▶ **DATA BLOCK**
++++++++

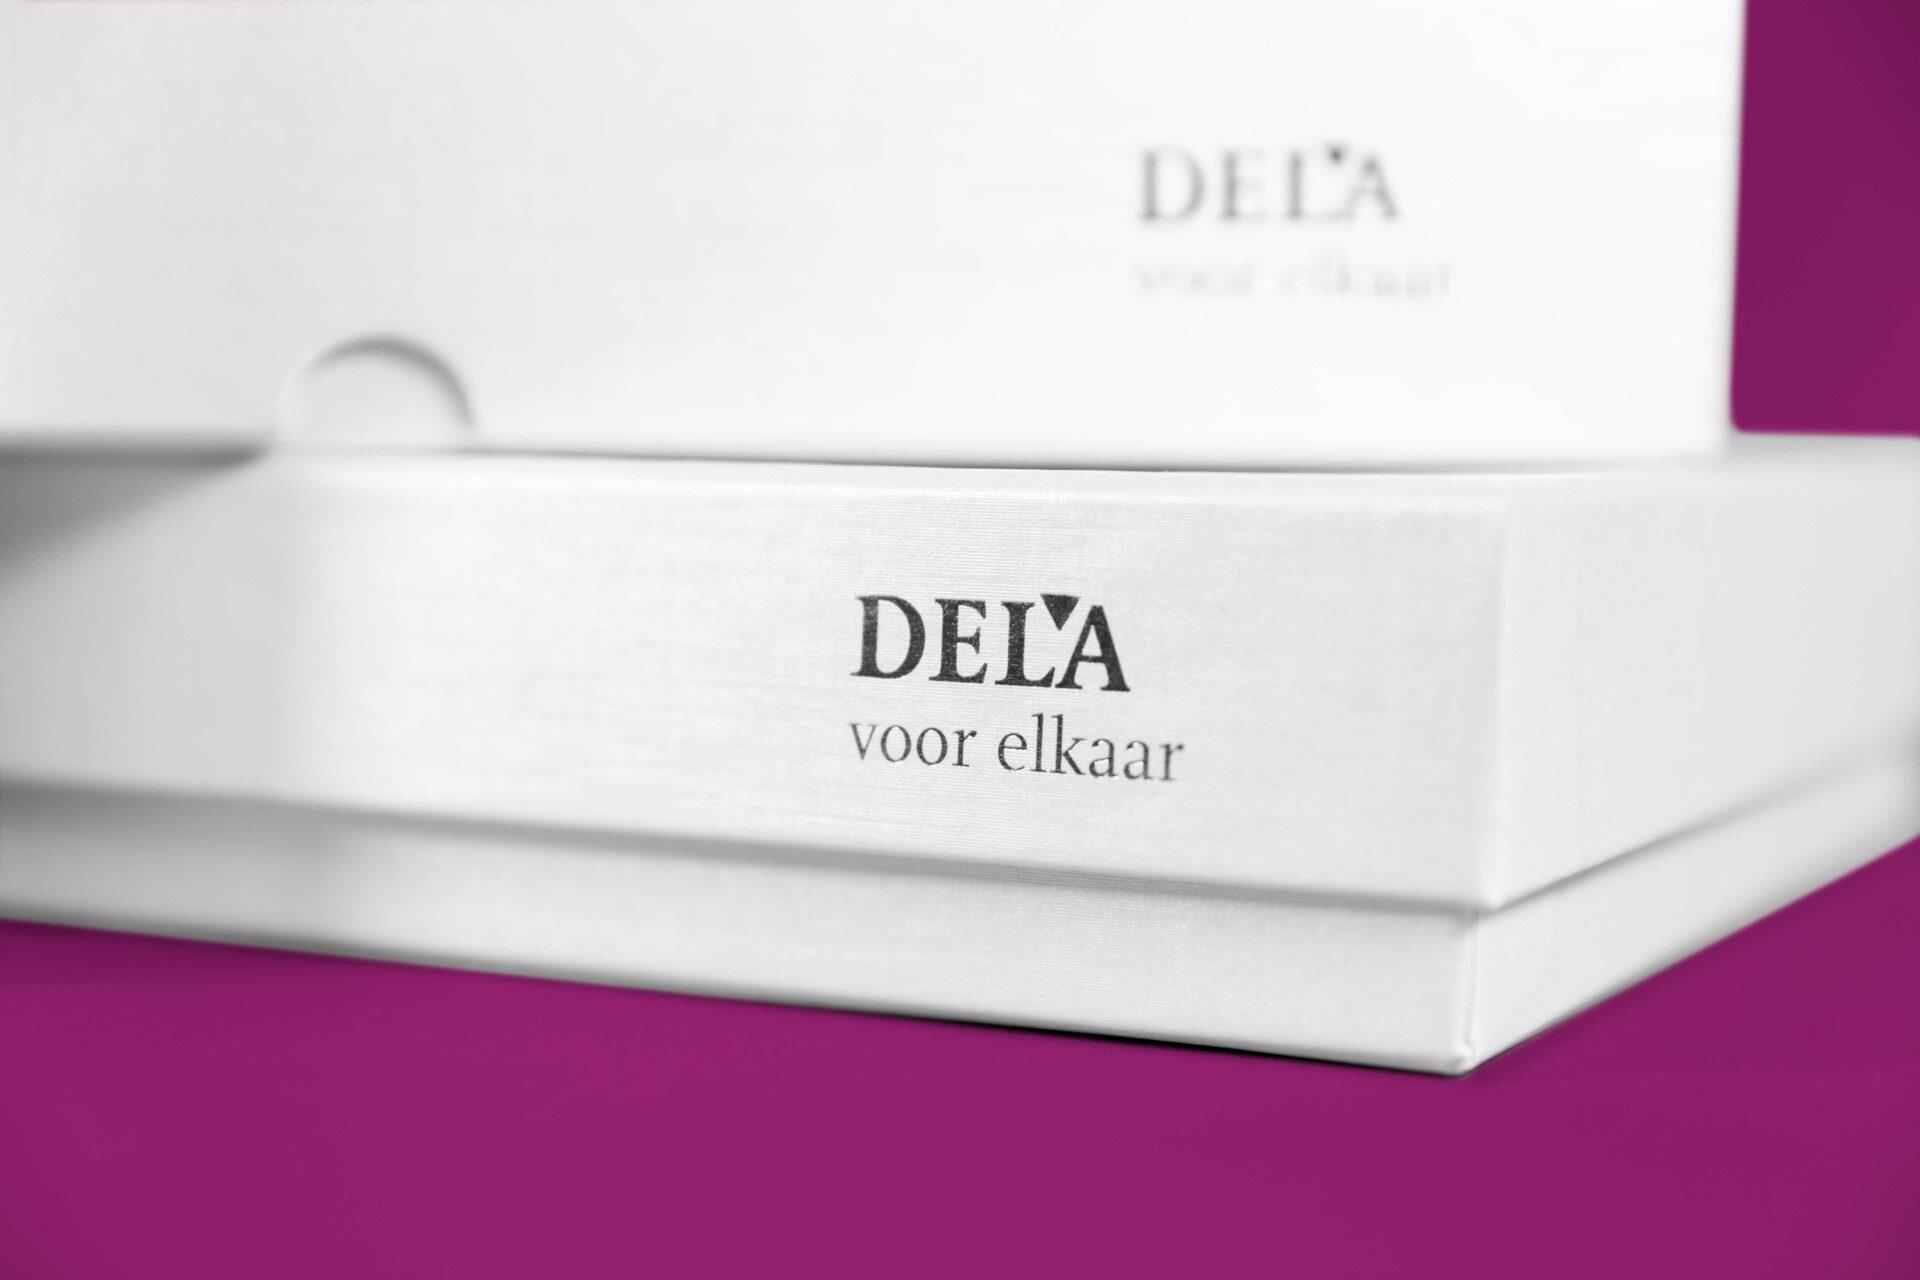 Doosje met deksel Dela
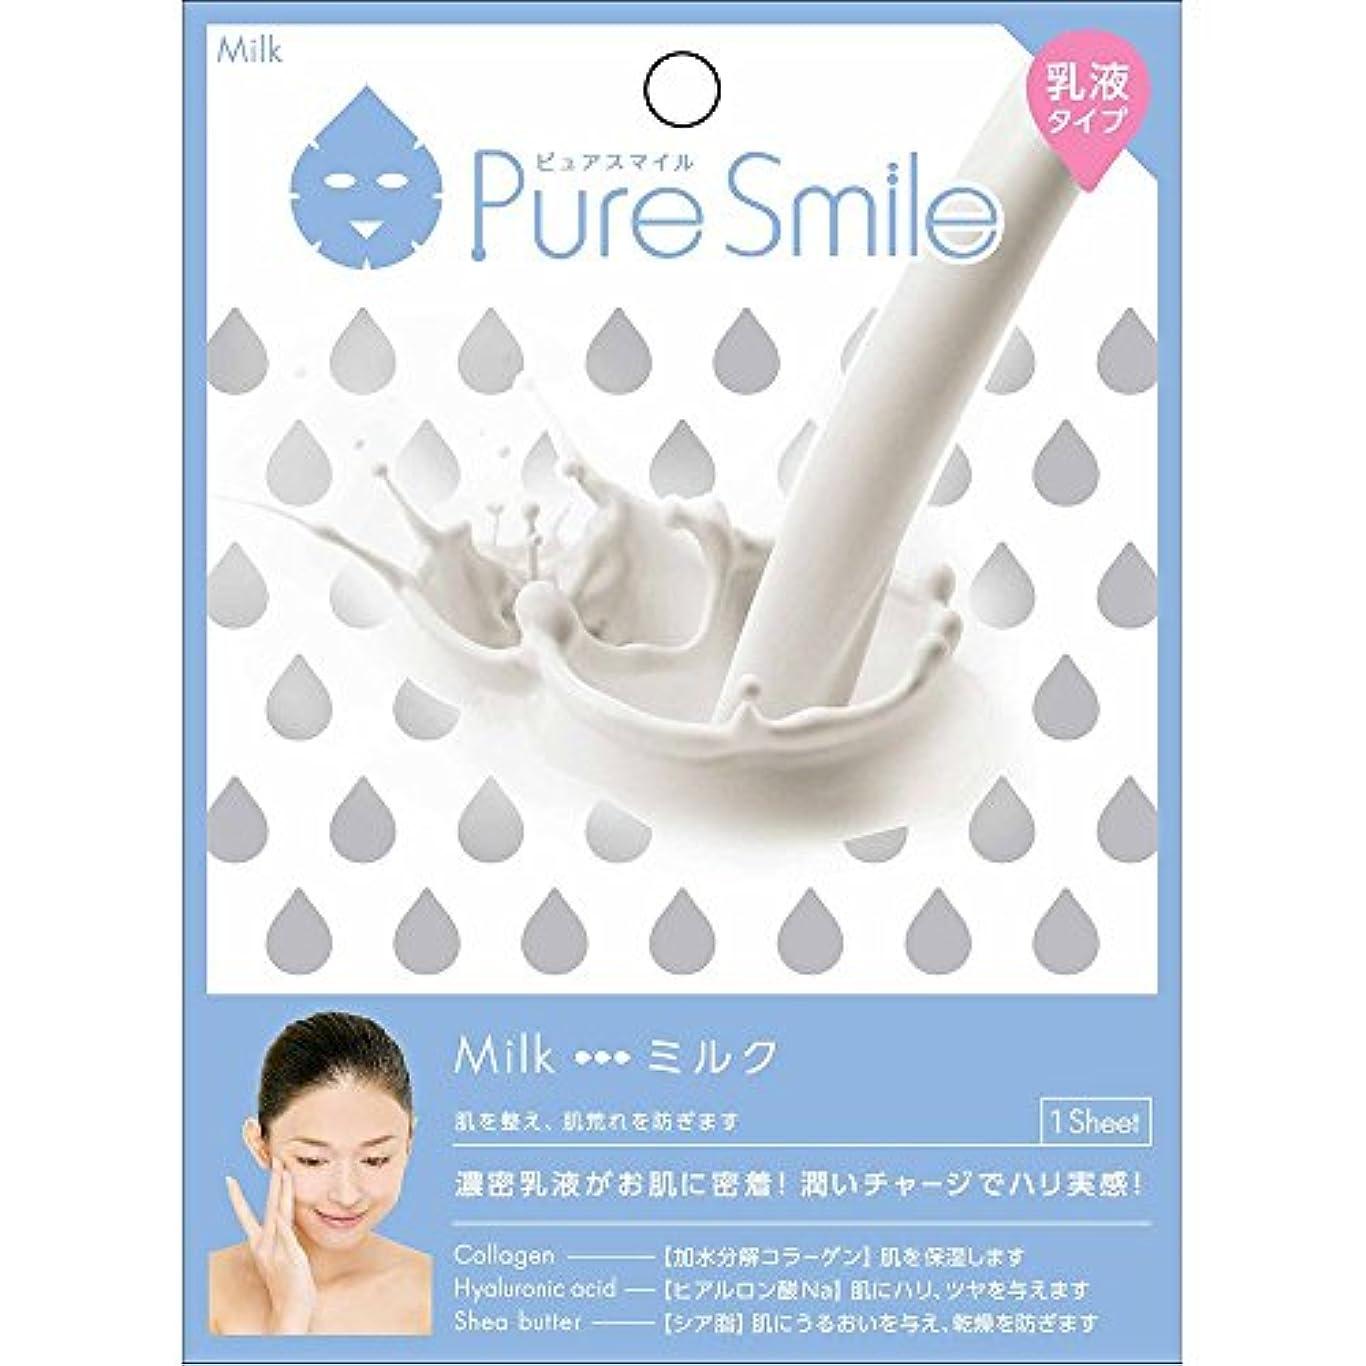 コード致命的閉じるPure Smile(ピュアスマイル) 乳液エッセンスマスク 1 枚 ミルク
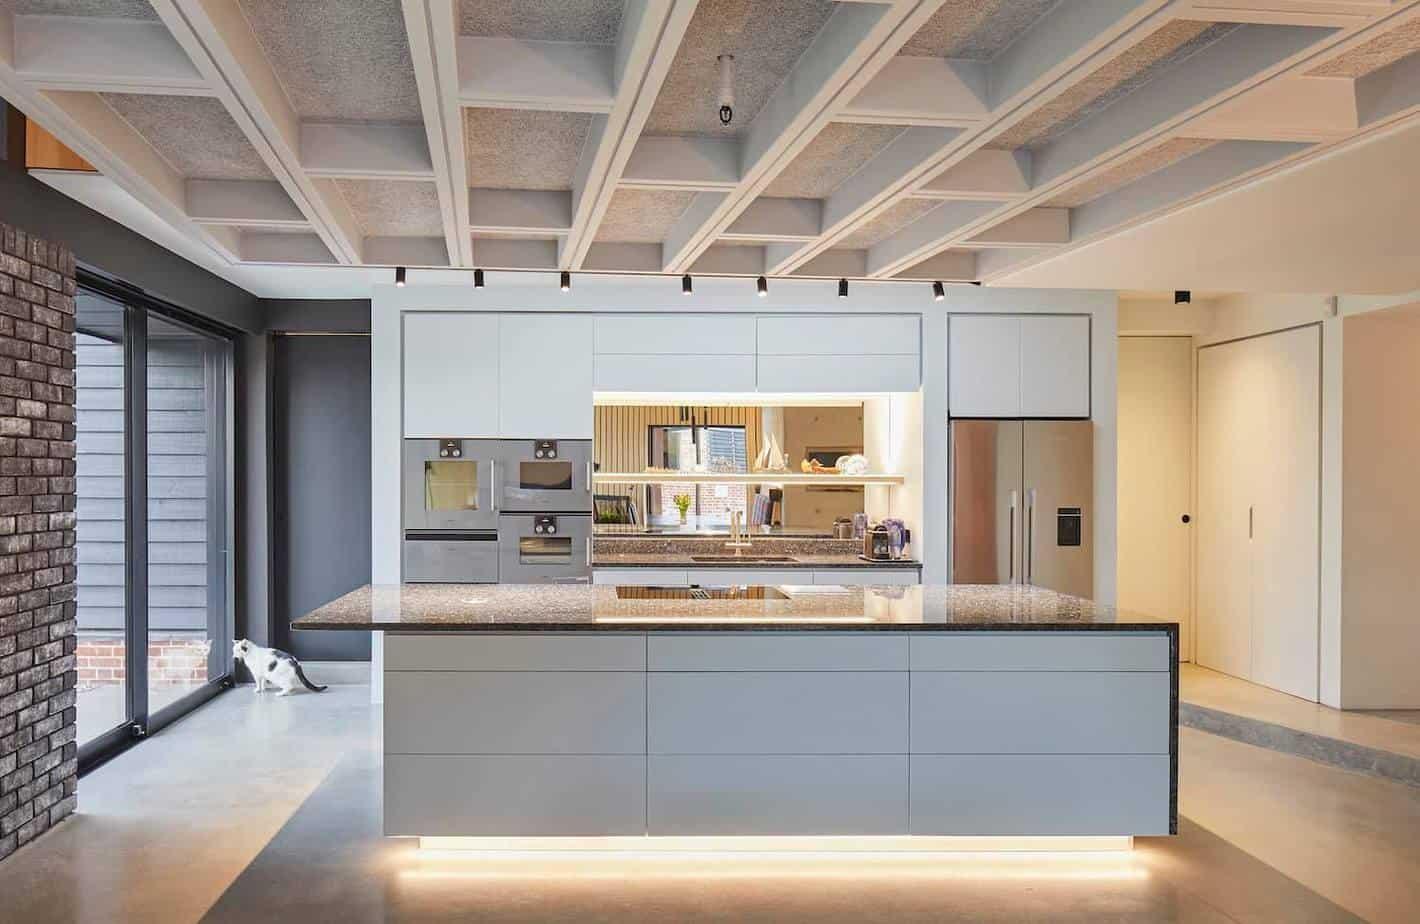 ceiling design 2022
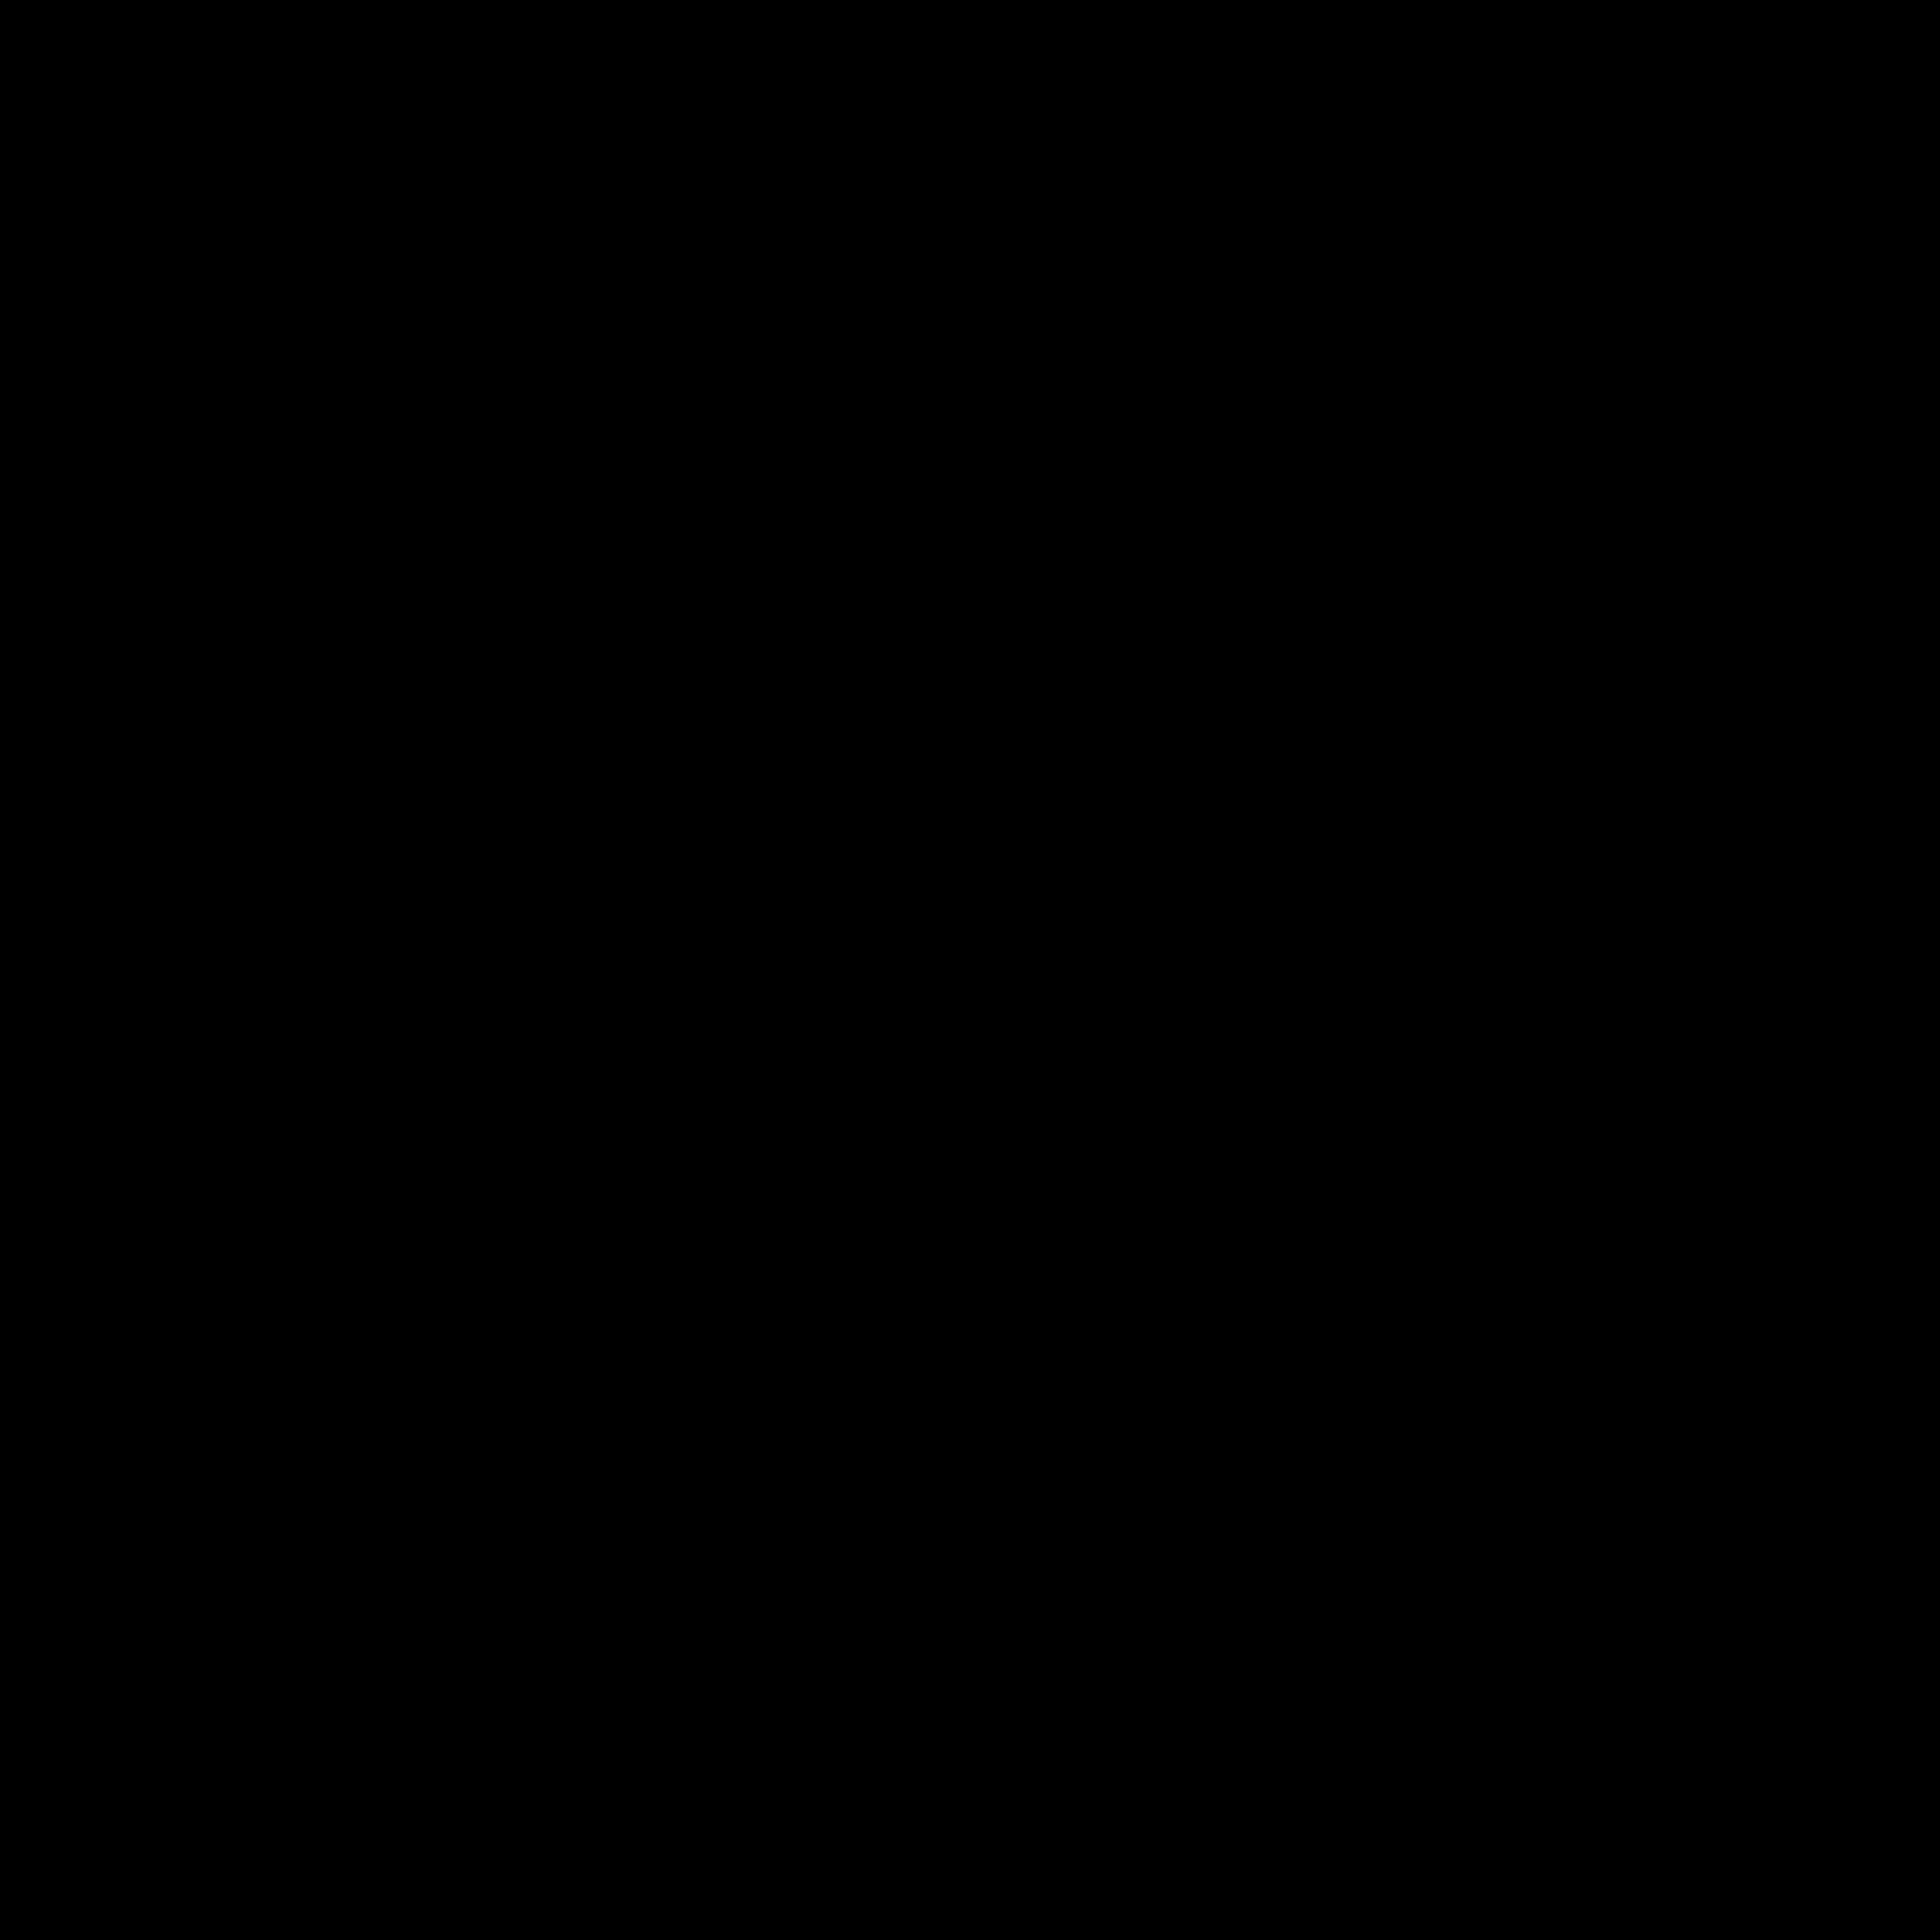 1051TheBlaze-logo-black-01.png

++++++++

▶ **REQUIRED WORK**
Leaving out all pictures, transcribe the listing exactly.

▶ **PROBLEM SOLUTION**
 Doosje met deksel Dela
 コード致命的閉じるPure Smile(ピュアスマイル) 乳液エッセンスマスク 1 枚 ミルク
 ceiling design 2022
 1051TheBlaze-logo-black-01.png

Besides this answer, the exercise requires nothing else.